**Goal of the exercise**
For this exercise, reproduce the records exactly as they stand and do not carry any images over.

BEGIN Supplied data

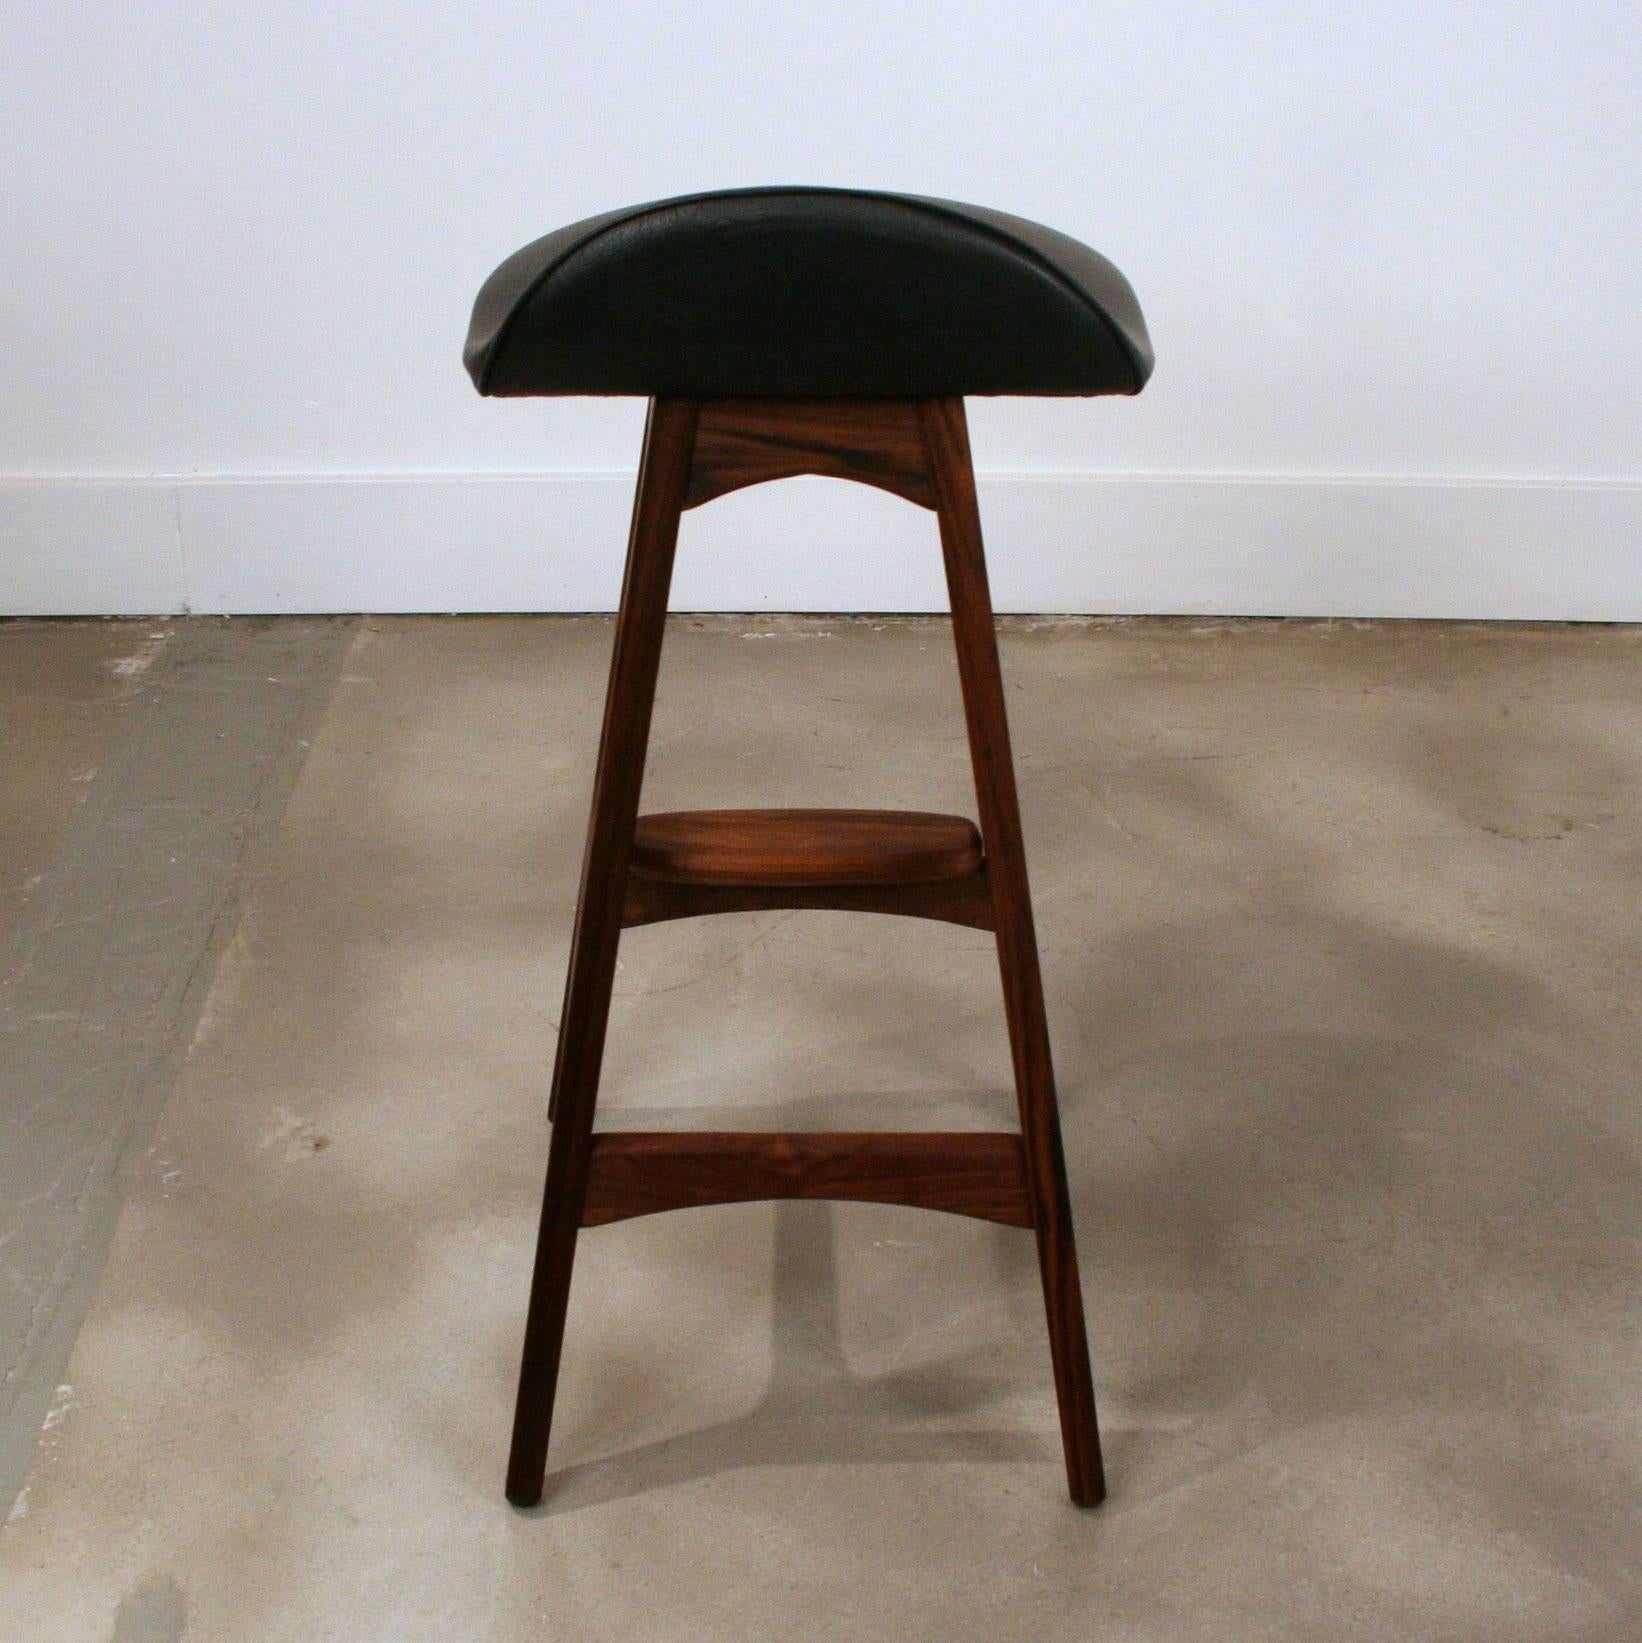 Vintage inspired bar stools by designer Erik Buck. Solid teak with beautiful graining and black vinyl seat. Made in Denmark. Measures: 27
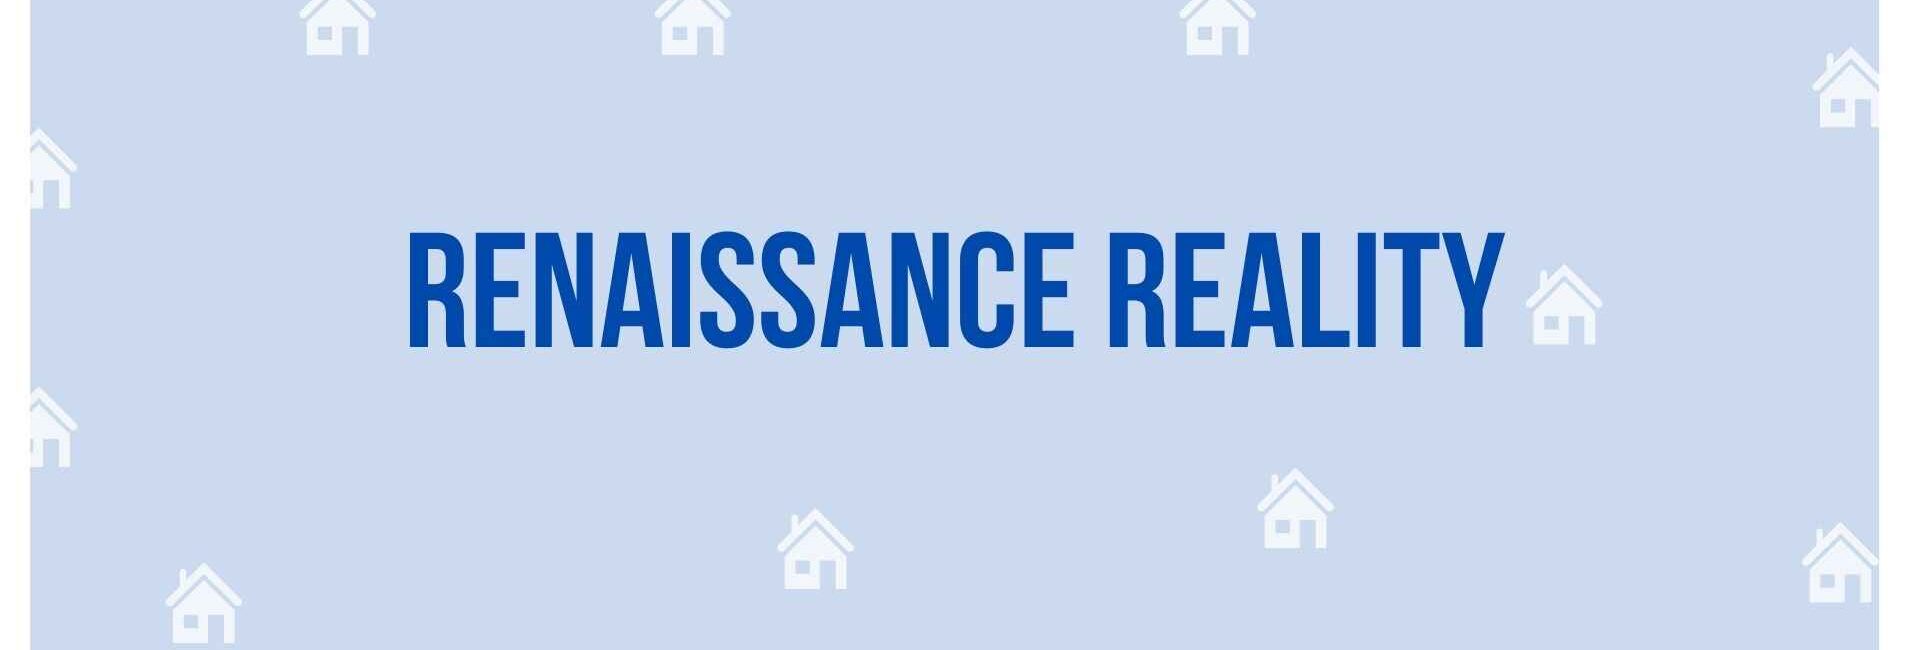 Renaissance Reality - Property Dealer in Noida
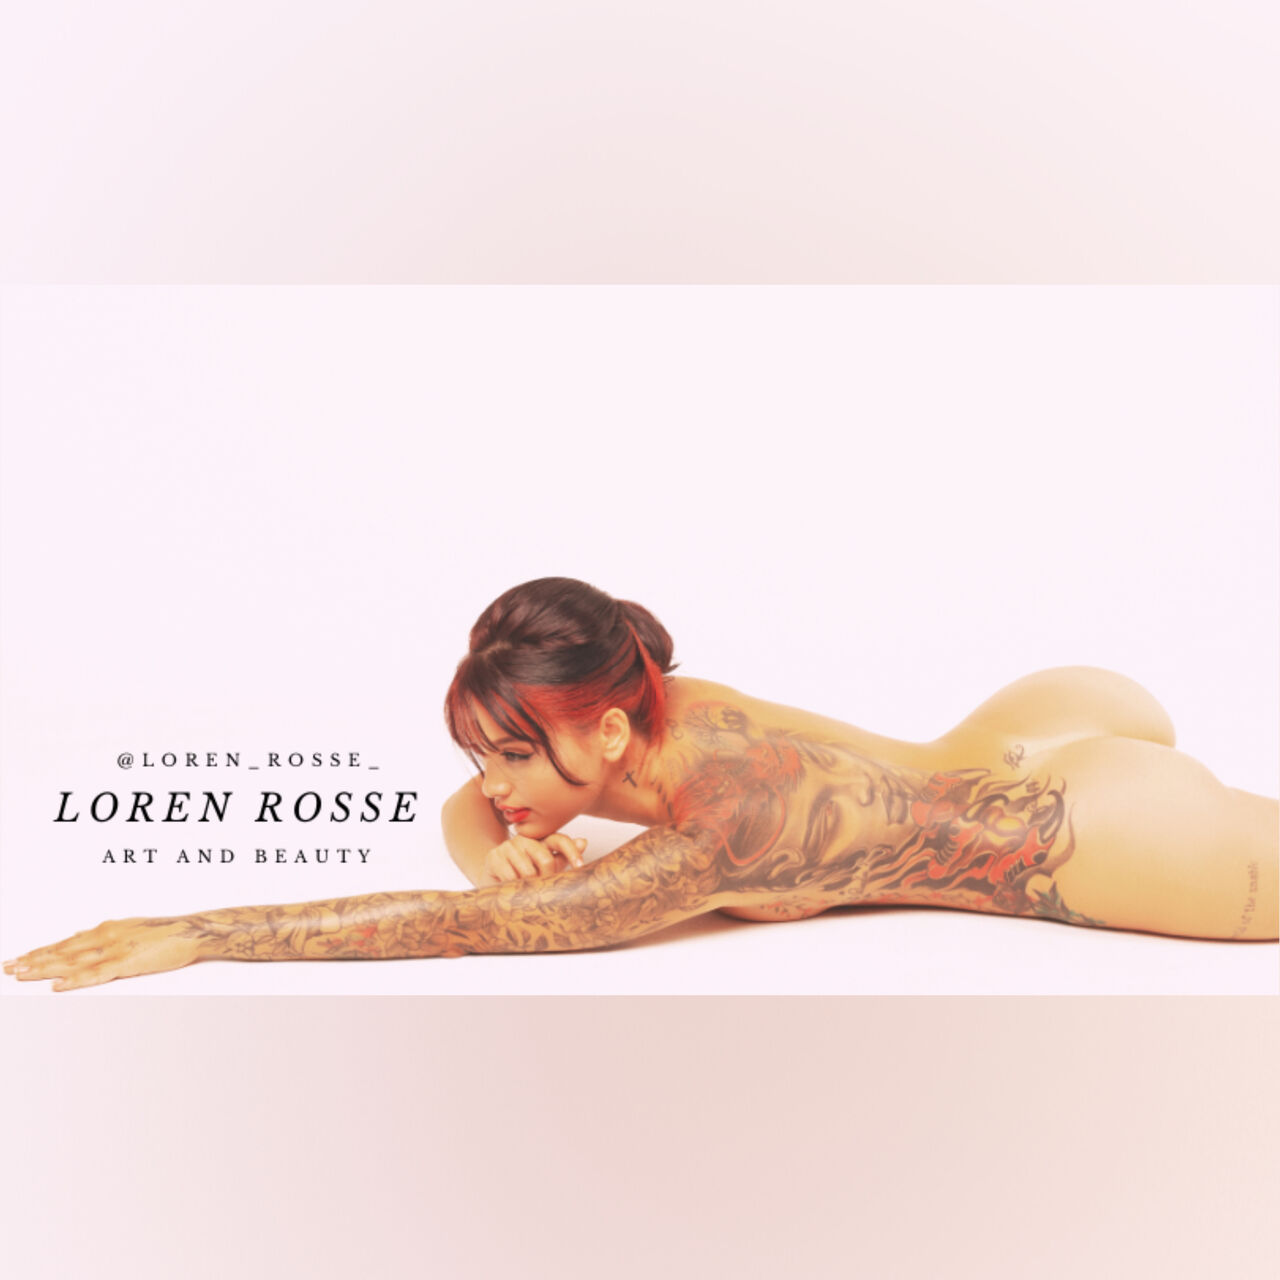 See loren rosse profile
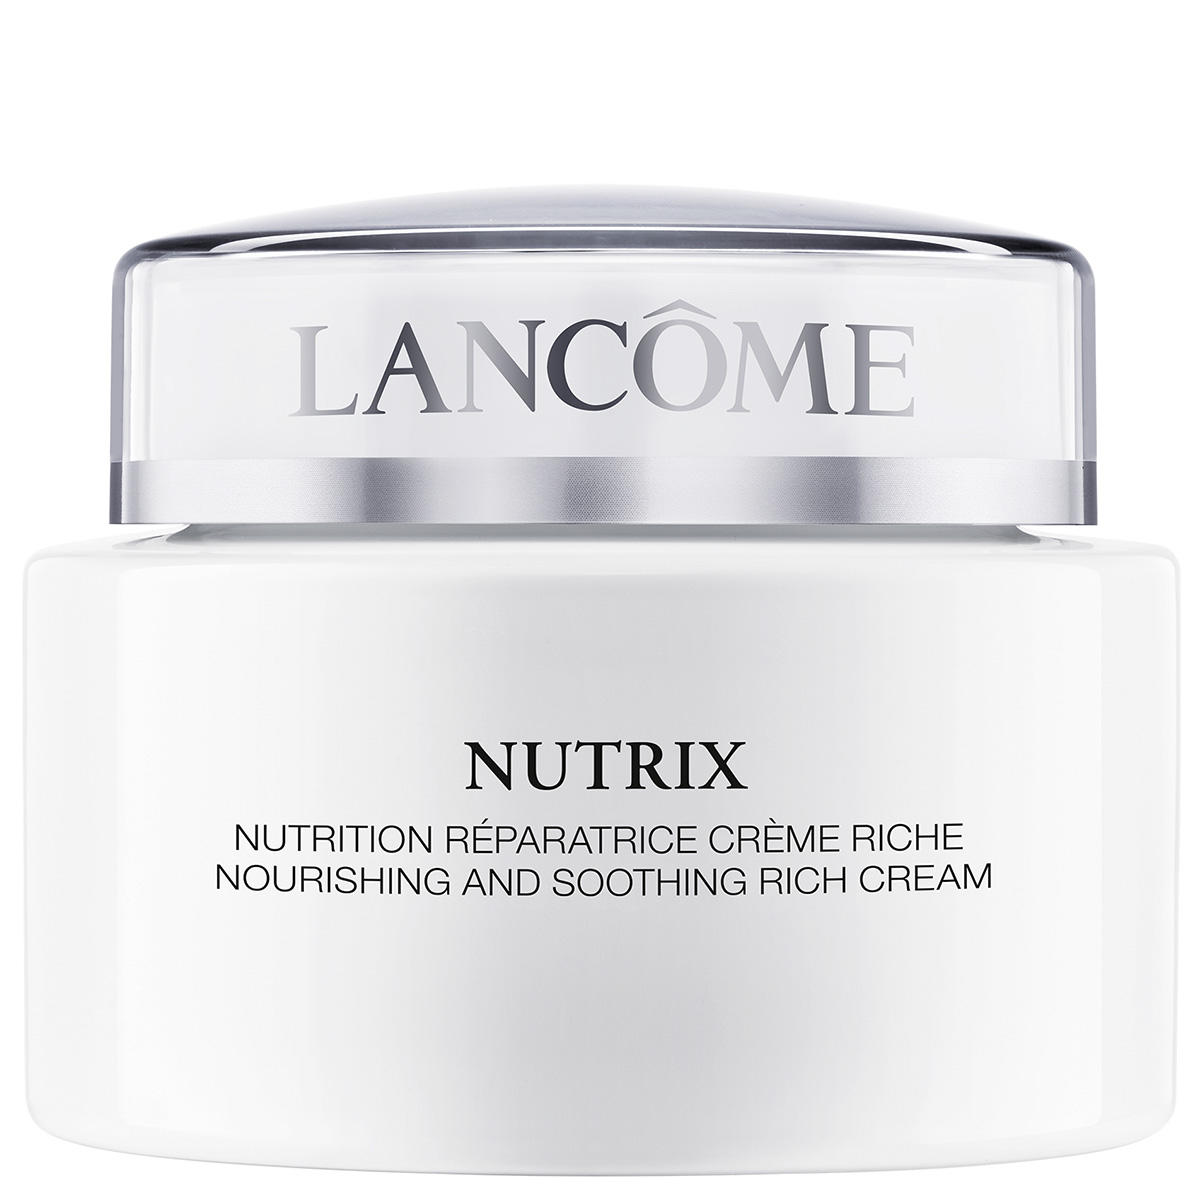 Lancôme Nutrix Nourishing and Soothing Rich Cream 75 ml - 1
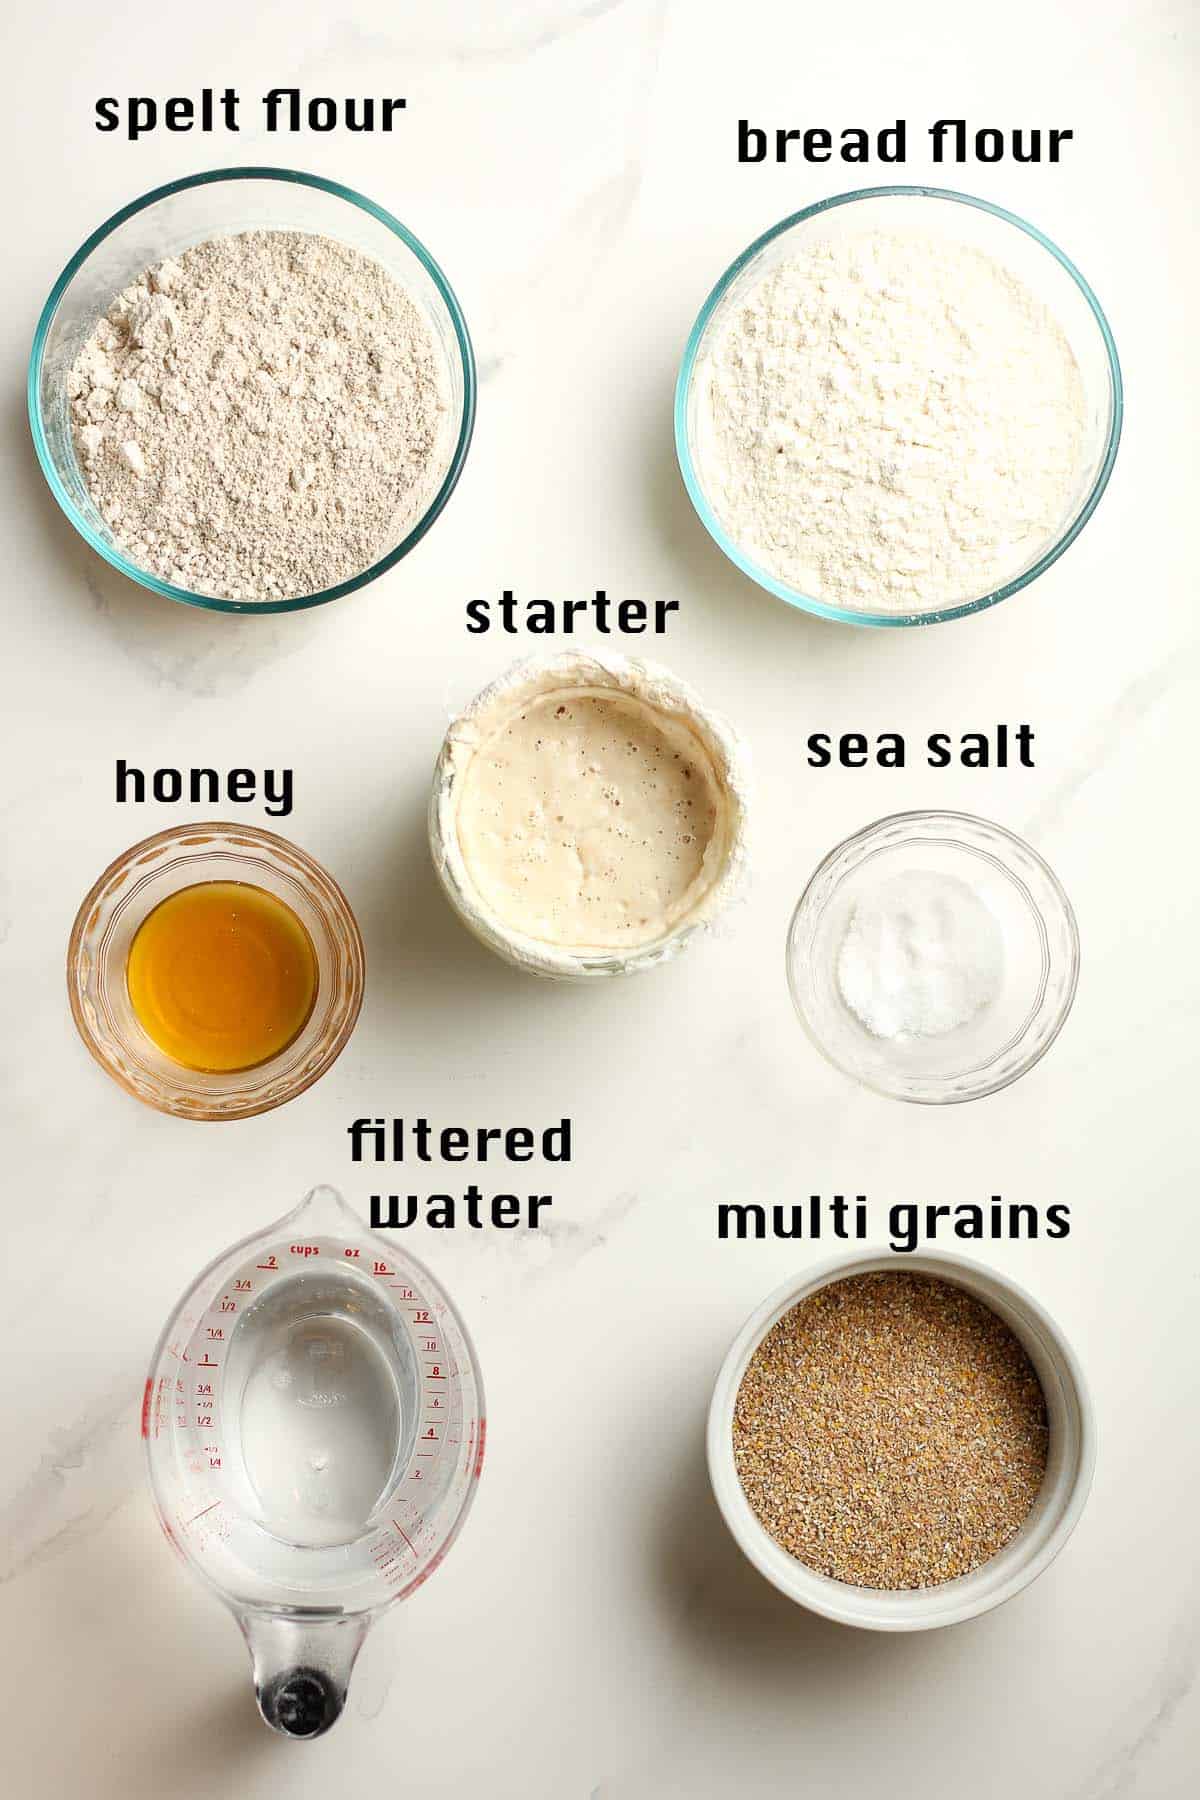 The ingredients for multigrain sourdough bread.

END Supplied data

**Answer section**
 Vintage inspired bar stools by designer Erik Buck. Solid teak with beautiful graining and black vinyl seat. Made in Denmark. Measures: 27
 Renaissance Reality - Property Dealer in Noida
 See loren rosse profile
 Lancôme Nutrix Nourishing and Soothing Rich Cream 75 ml - 1
 The ingredients for multigrain sourdough bread.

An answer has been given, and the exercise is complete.